У многих аутистов довольно высокий интеллектуальный потенциал. Есть мнение, что значительная доля знаменитых ученых и людей искусства были аутистами. Но у многих потенциал остается нереализованным из-за несоциализированности: если не можешь учиться, а потом не можешь выполнять работу, то какая польза от таланта.

Надо сказать, существует также аутизм вместе с интеллектуальной недостаточностью (иногда говорят «низкофункциональный аутизм», но такая классификация спорна). Думаю, это не имеет отношения к нейротипу ЭДМА, это просто разновидность умственной отсталости: когда умственно-отсталый не может или не хочет взаимодействовать.
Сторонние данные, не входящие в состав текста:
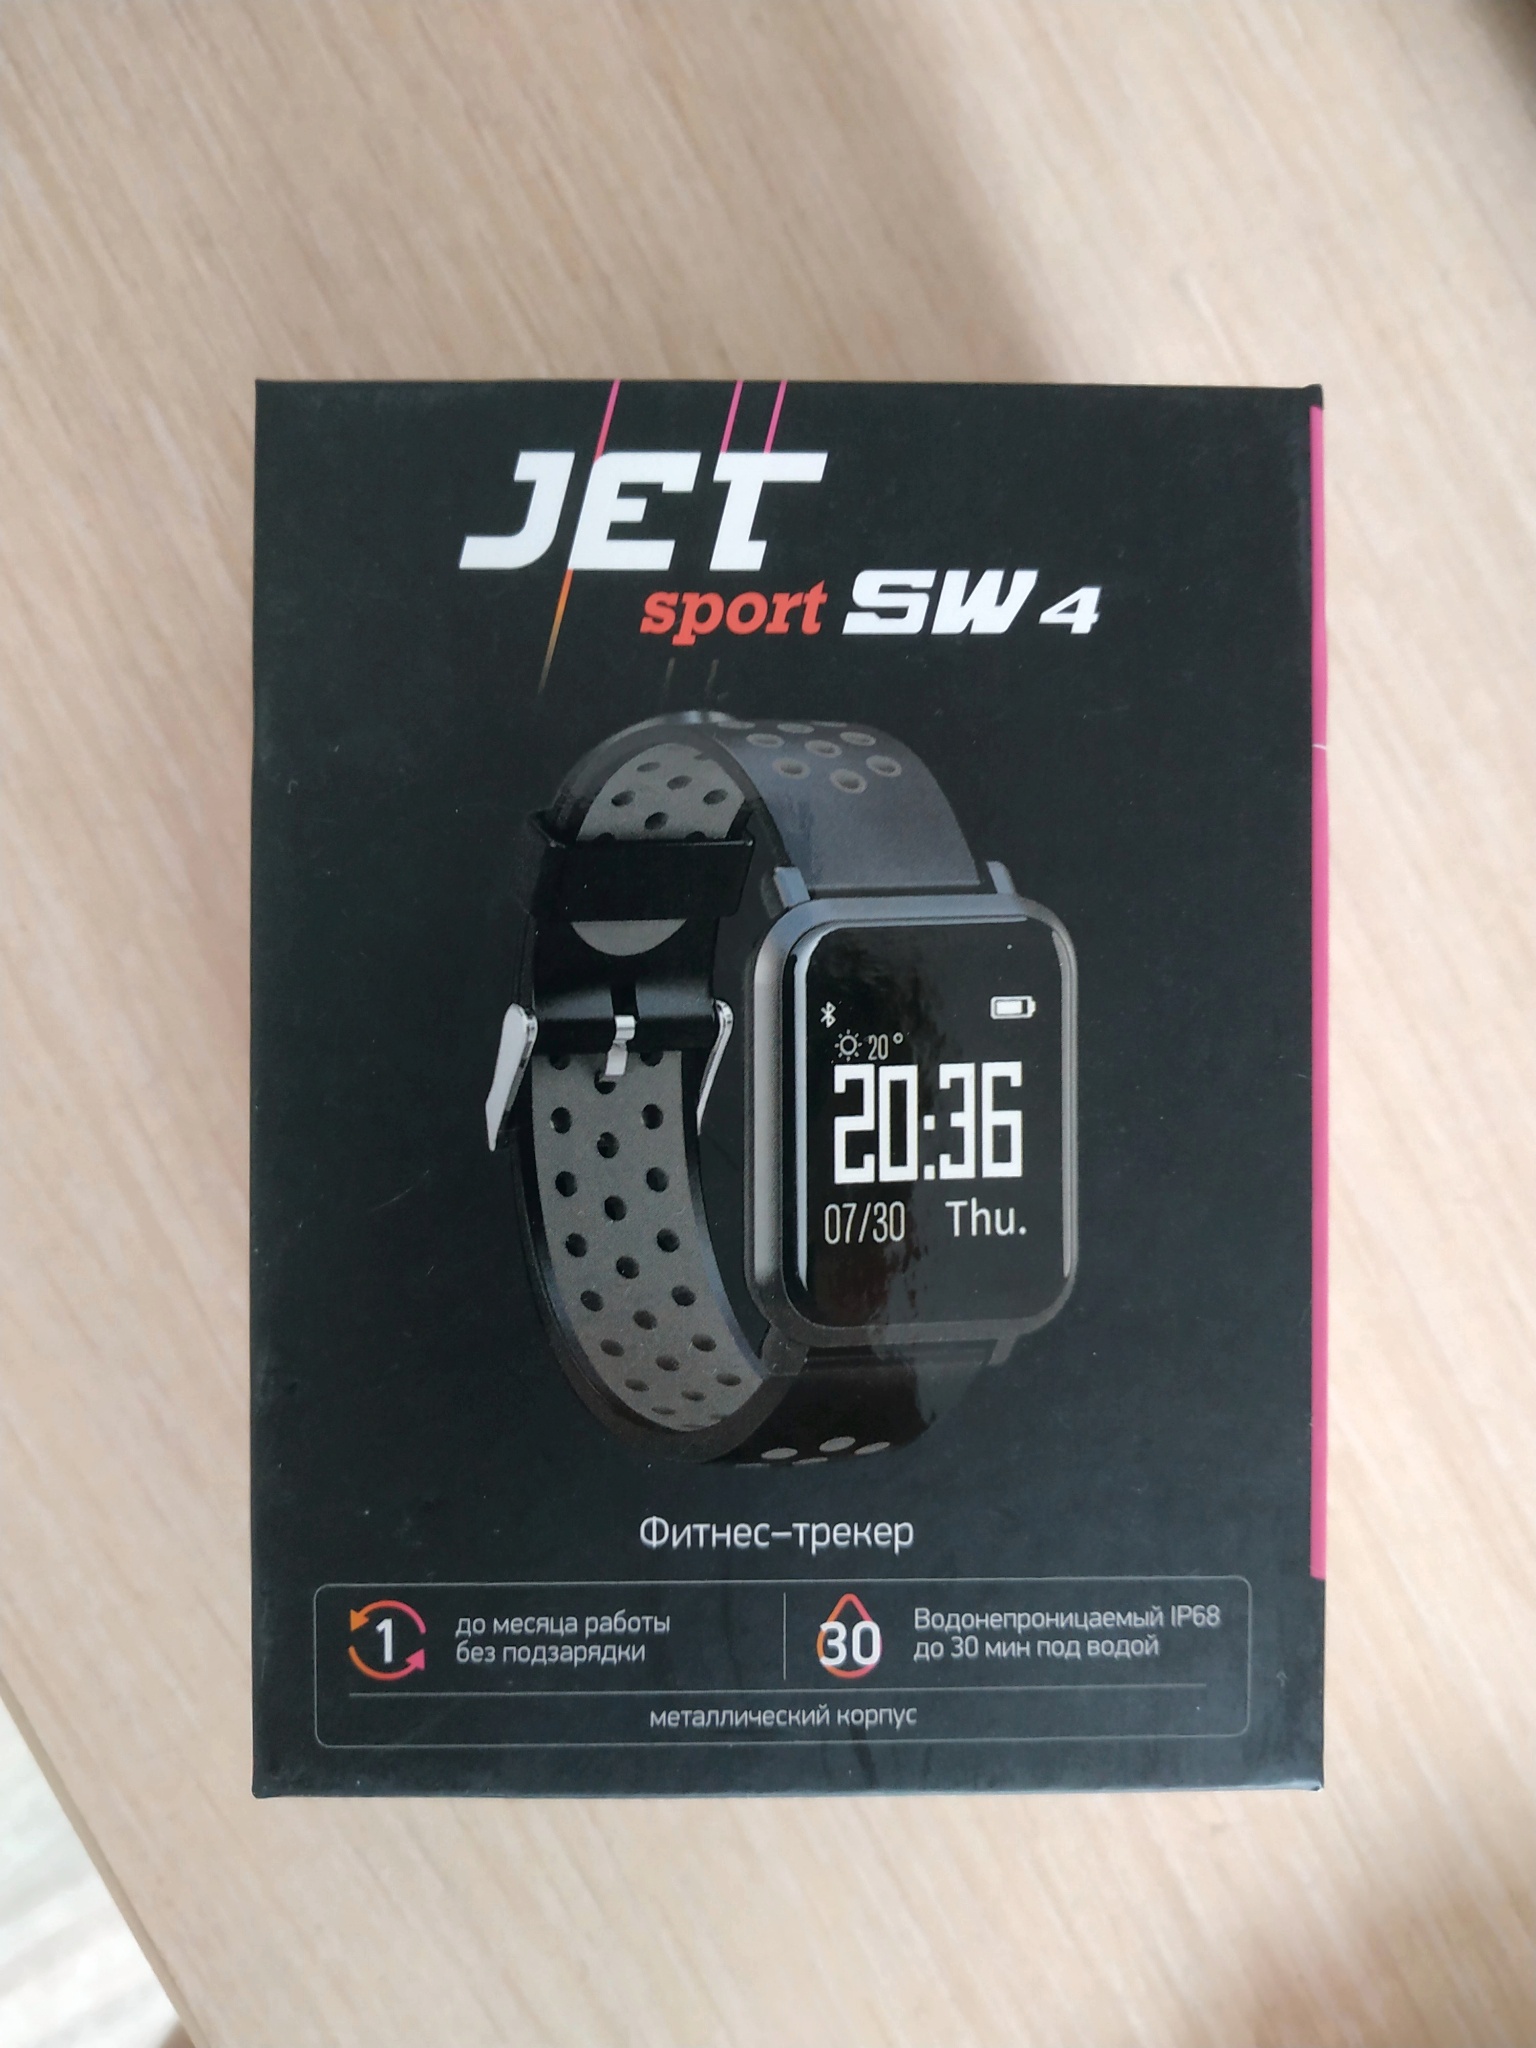 Подключить jet sport. Часы Джет спорт sw4. Jet Sport SW-4c. Часы Jet Sport SW-4c. Часы Jet Sport SW-4.

А еще наверняка существуют дети, у которых нет интеллектуального потенциала, и они в принципе необучаемы. И наверняка среди детей, которых считают необучаемыми, много таких, которые на самом деле имеют интеллектуальный потенциал, но к ним не нашли подхода.
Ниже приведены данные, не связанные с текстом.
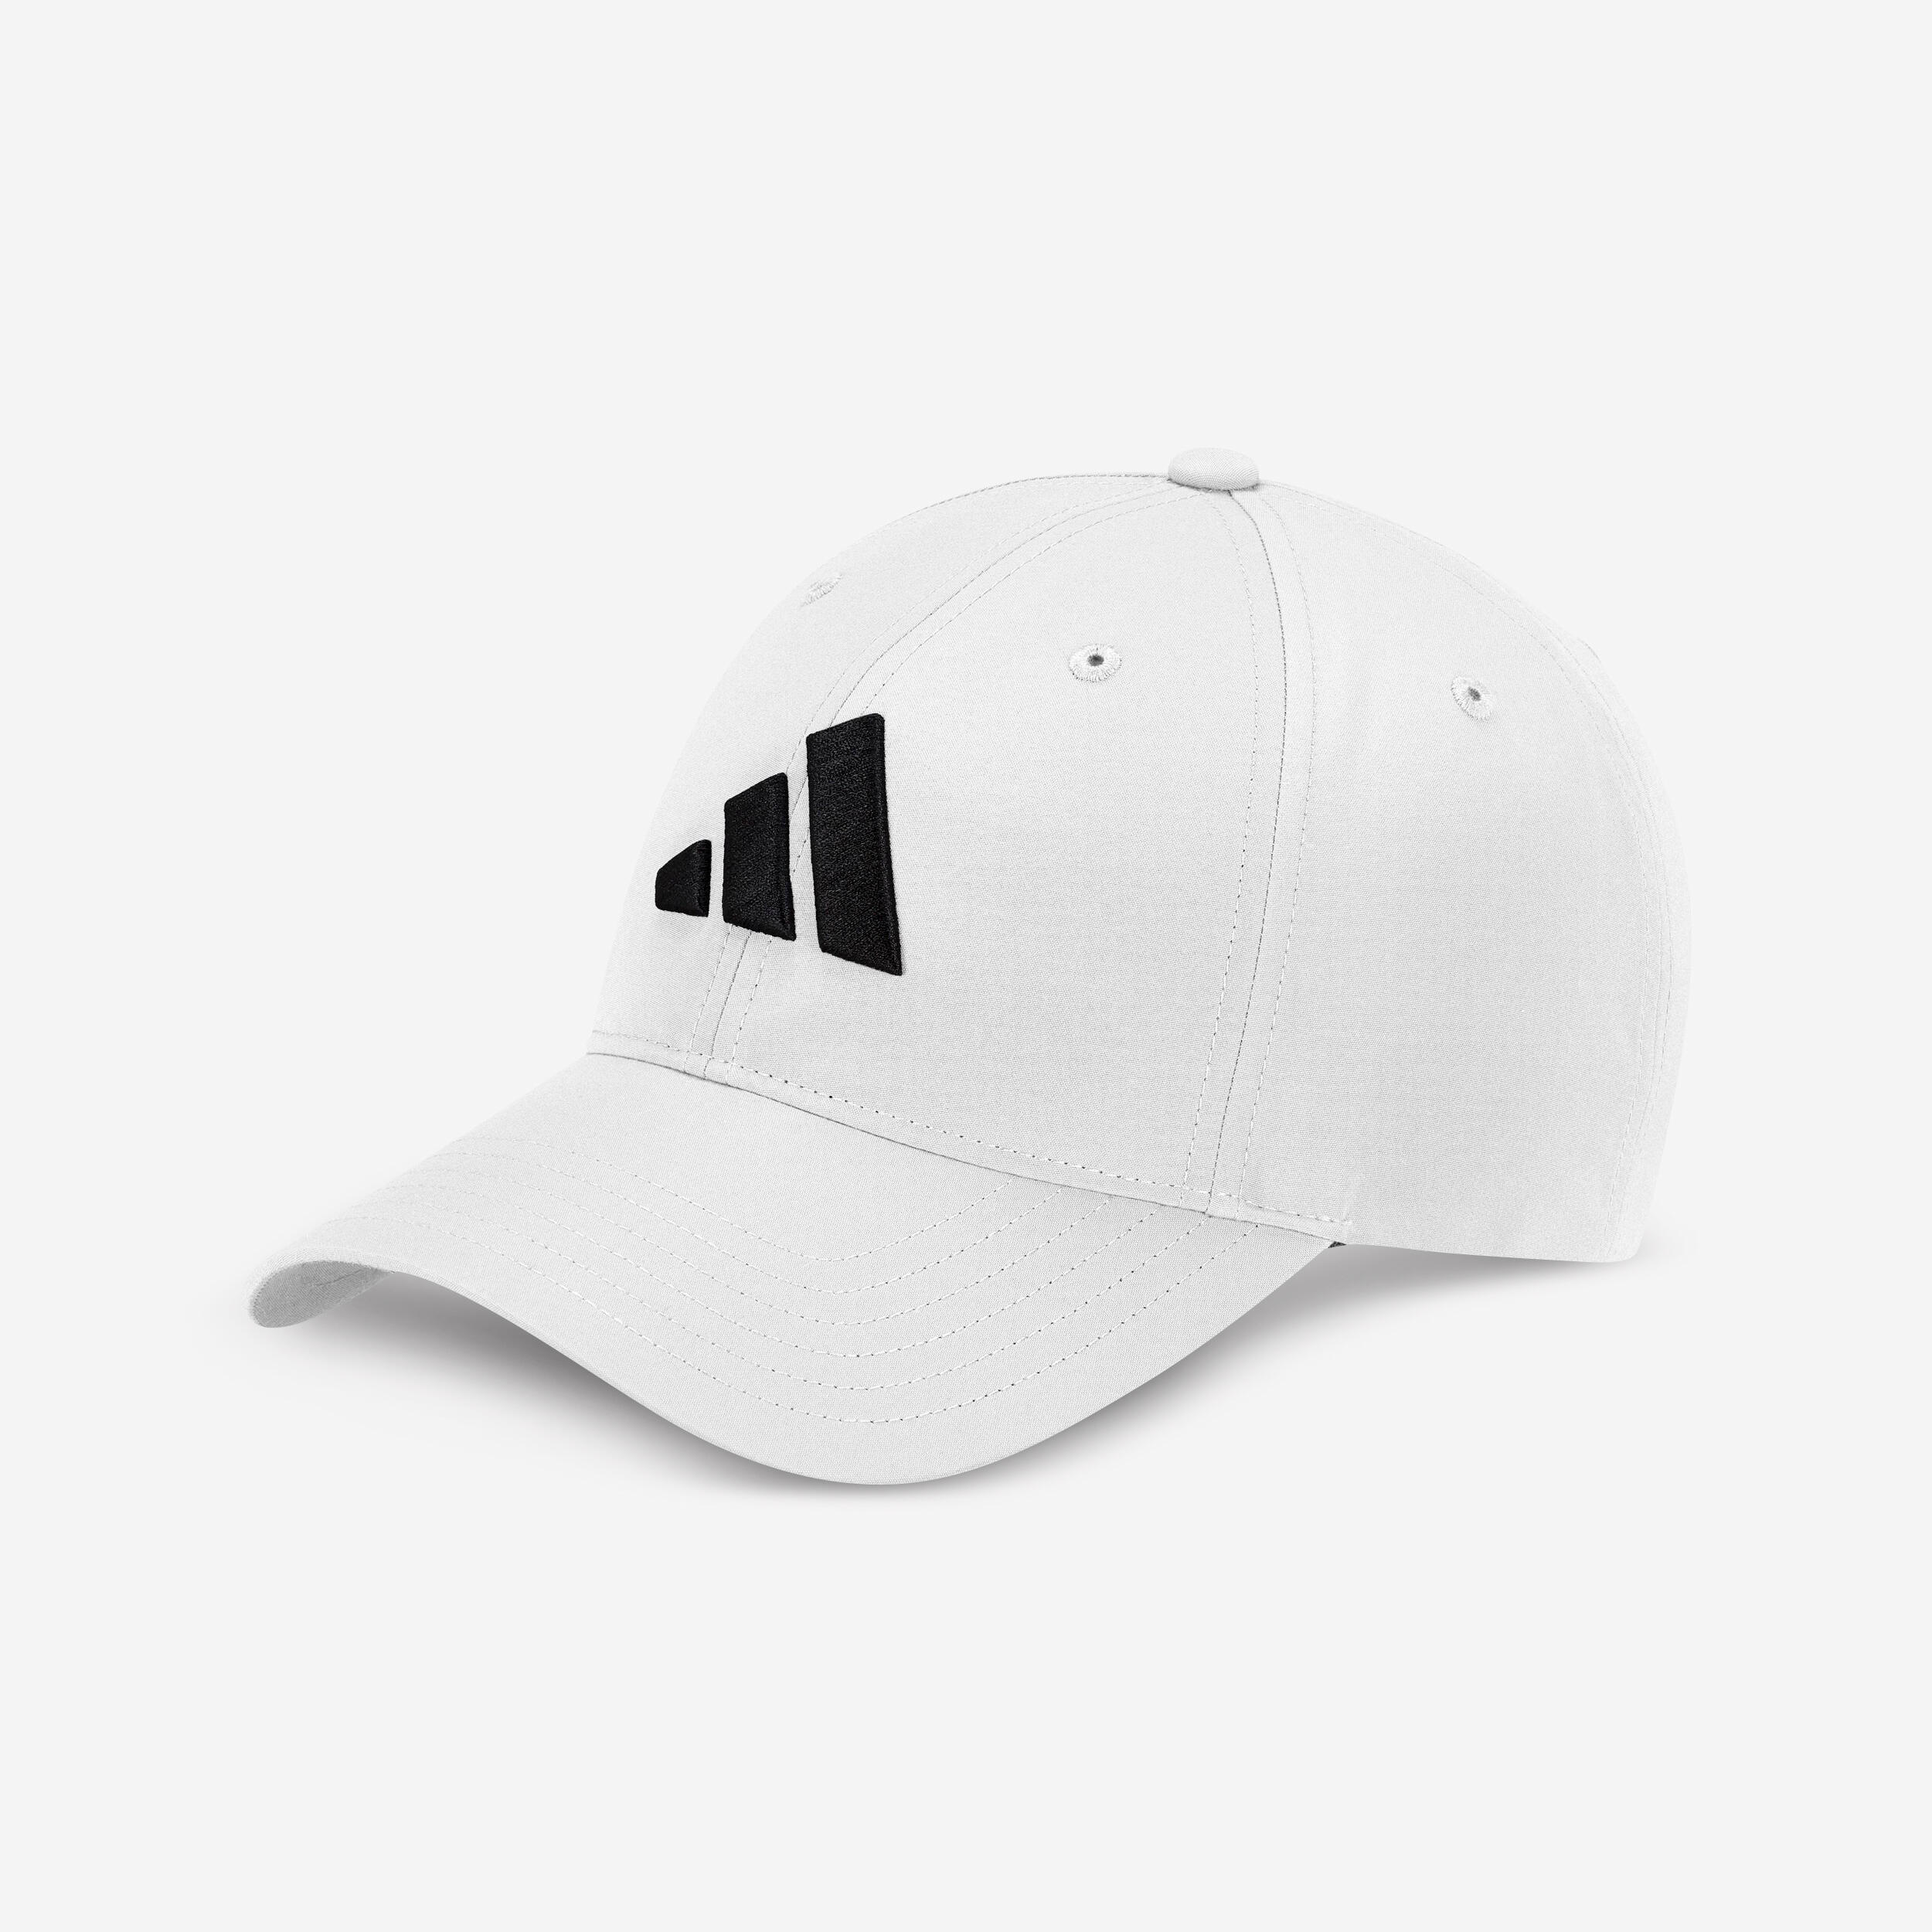 ADIDAS Adult Golf Cap adidas - White

– Как в Украине вообще с этим дела? Кто и как занимается подобными людьми?

– И в Украине, и в мире я весьма недоволен тем что делается. Есть три волны мракобесия.

Позавчерашнее мракобесие: аутизм – это особо тяжкий вид слабоумия, они необучаемы, их надо обколоть уколами, чтоб не бесились и не мешали жить нормальным людям, и запереть в интернат с глаз долой. На Западе этот подход уже умер, а у нас все еще сильно советское наследие.

Вчерашнее мракобесие: аутист ненормален, и нужно сделать его нормальным. Для этого топорными методами вырезают из него видимые признаки ненормальности и вколачивают признаки нормальности. Дрессируют, словно животное. Этот подход пагубный, так как сделать аутиста таким как все невозможно (да и ненужно), а процесс «нормализации» лишь плодит неврозы и разрушает его как личность. И даже если ребенок выучил внешние признаки, не понимая их сути – это ему не поможет в жизни, а помешает. Как это может выглядеть: ребенку сказали «поедем к бабушке» – он встал по стойке смирно, натянул улыбку, и размеренно трижды хлопнул в ладоши. Так его надрессировали выражать радость. И на Западе, и у нас этот подход весьма популярен, но от него уже начинают отказываться.

Сегодняшнее мракобесие: с аутистом ничего не делать, а создавать ему особые условия, носиться с ним как с инвалидом. Тут активно применяется политкорректная ложь: мол, быть инвалидом ничем не хуже. К сожалению, объективно хуже: у людей с инвалидностью меньше возможностей и больше затраты общества на его содержание, и это еще хорошо, когда общество готово помогать. Но если те, у кого нет ног или глаза не видят – не выбирали такими стать, то родители и воспитатели аутистов сами зарывают в землю их потенциал социализации. Чисто психологически быть родителями ребенка-инвалида или заботиться об инвалиде – это почетно, а быть родителями невоспитанного ребенка – это зазорно. «Мой ребенок не невоспитанный, а особый. Вы должны терпеть все его истерики, иначе вы нетолератные». Или еще хуже: «У моего ребенка особая миссия – он проверяет этот мир на доброту». Аутисту льстят, улыбаются, но на самом деле не принимают его за равного, а лишь за манекен для проявления доброты и толерантности. Вот это мракобесие наступает семимильными шагами, и как с ним бороться – непонятно.